▶ **Exercise data**:
───
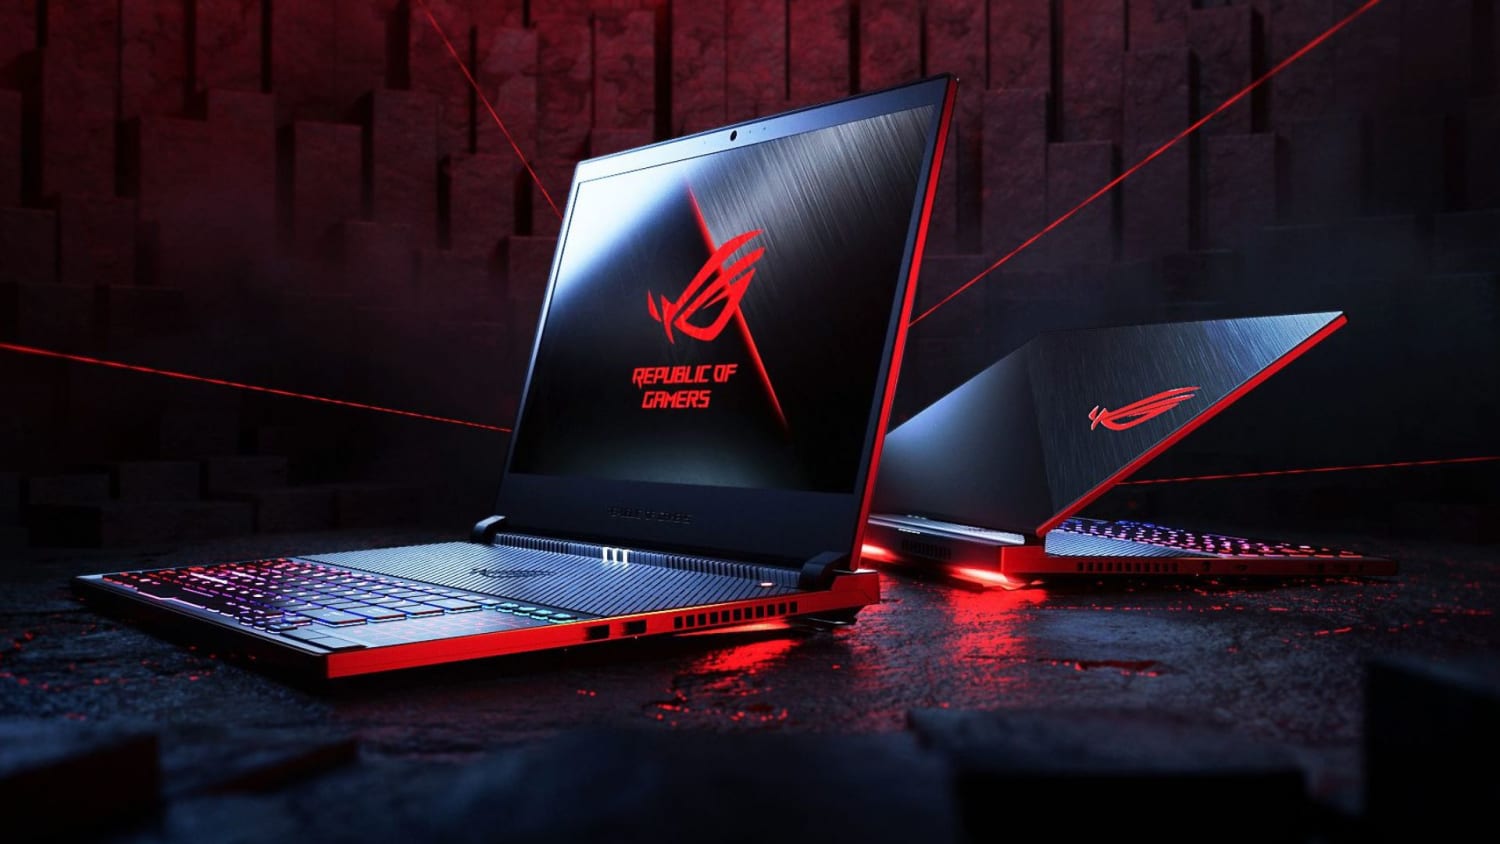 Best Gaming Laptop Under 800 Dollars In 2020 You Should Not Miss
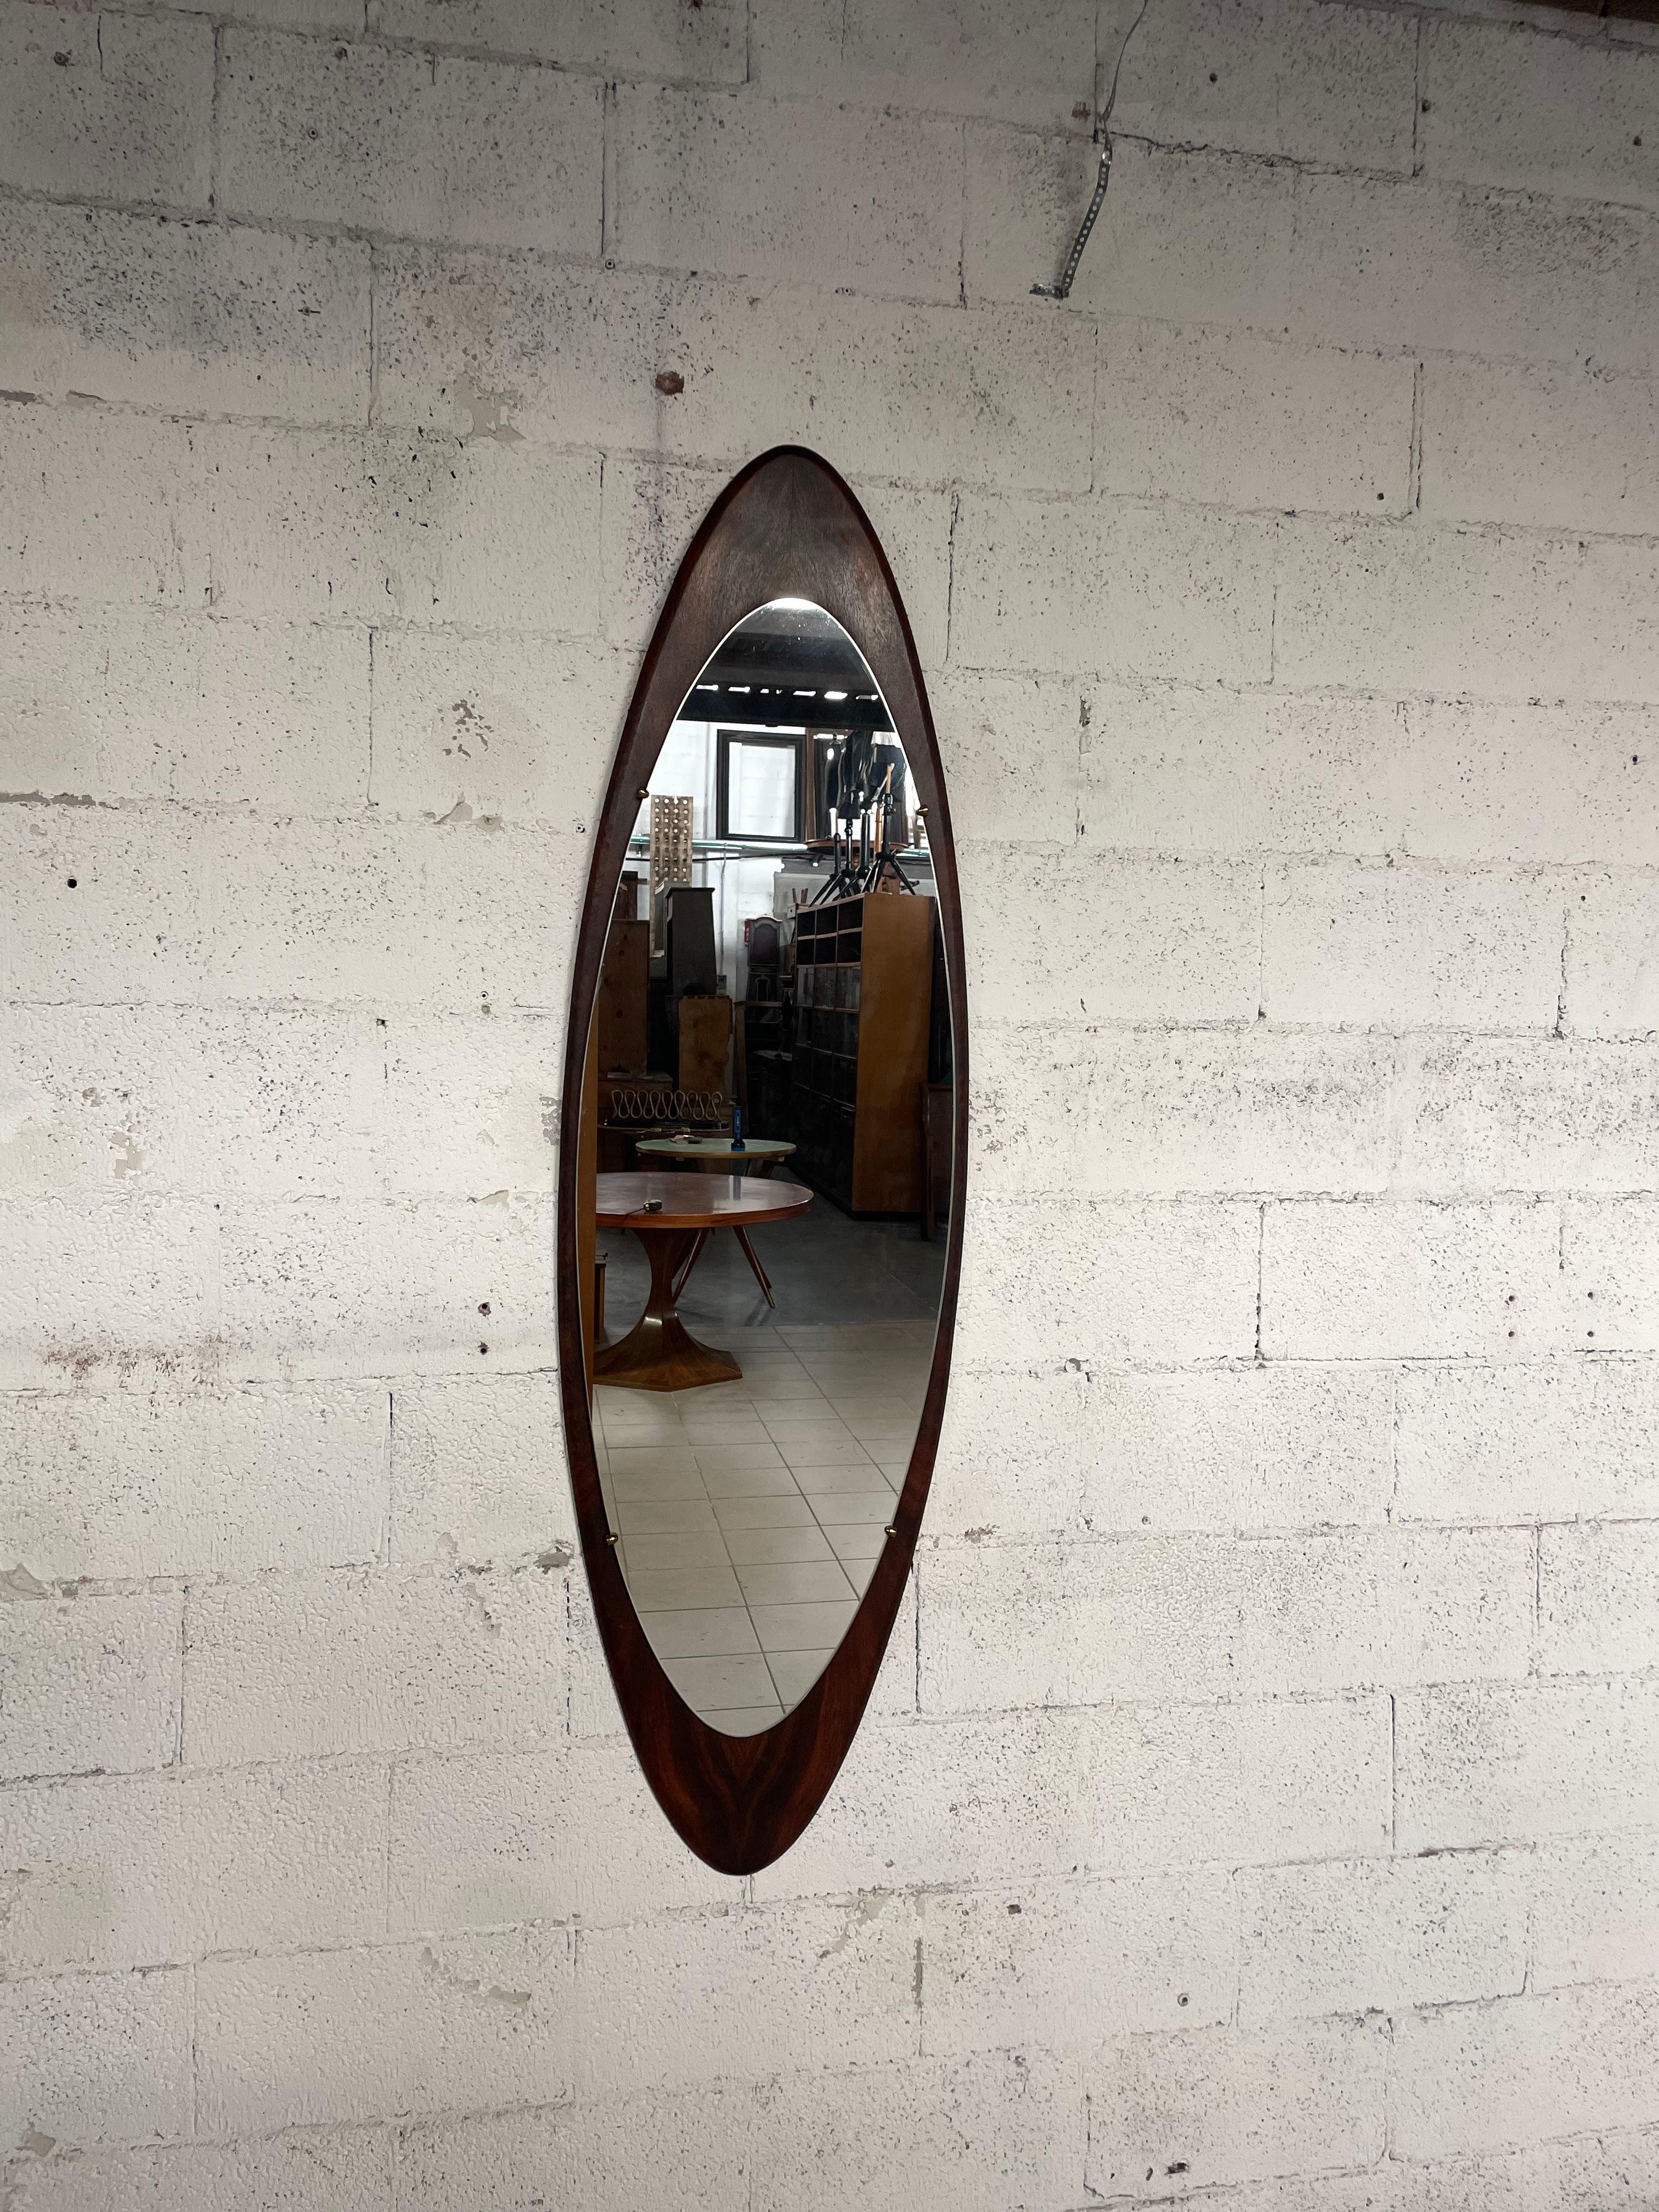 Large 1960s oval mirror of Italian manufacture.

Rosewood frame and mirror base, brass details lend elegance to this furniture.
───
Repeat the line containing "Large 1960s oval" and every line after it up to the end of the material above, exactly as they stand, minus the pictures.

 Large 1960s oval mirror of Italian manufacture.

Rosewood frame and mirror base, brass details lend elegance to this furniture.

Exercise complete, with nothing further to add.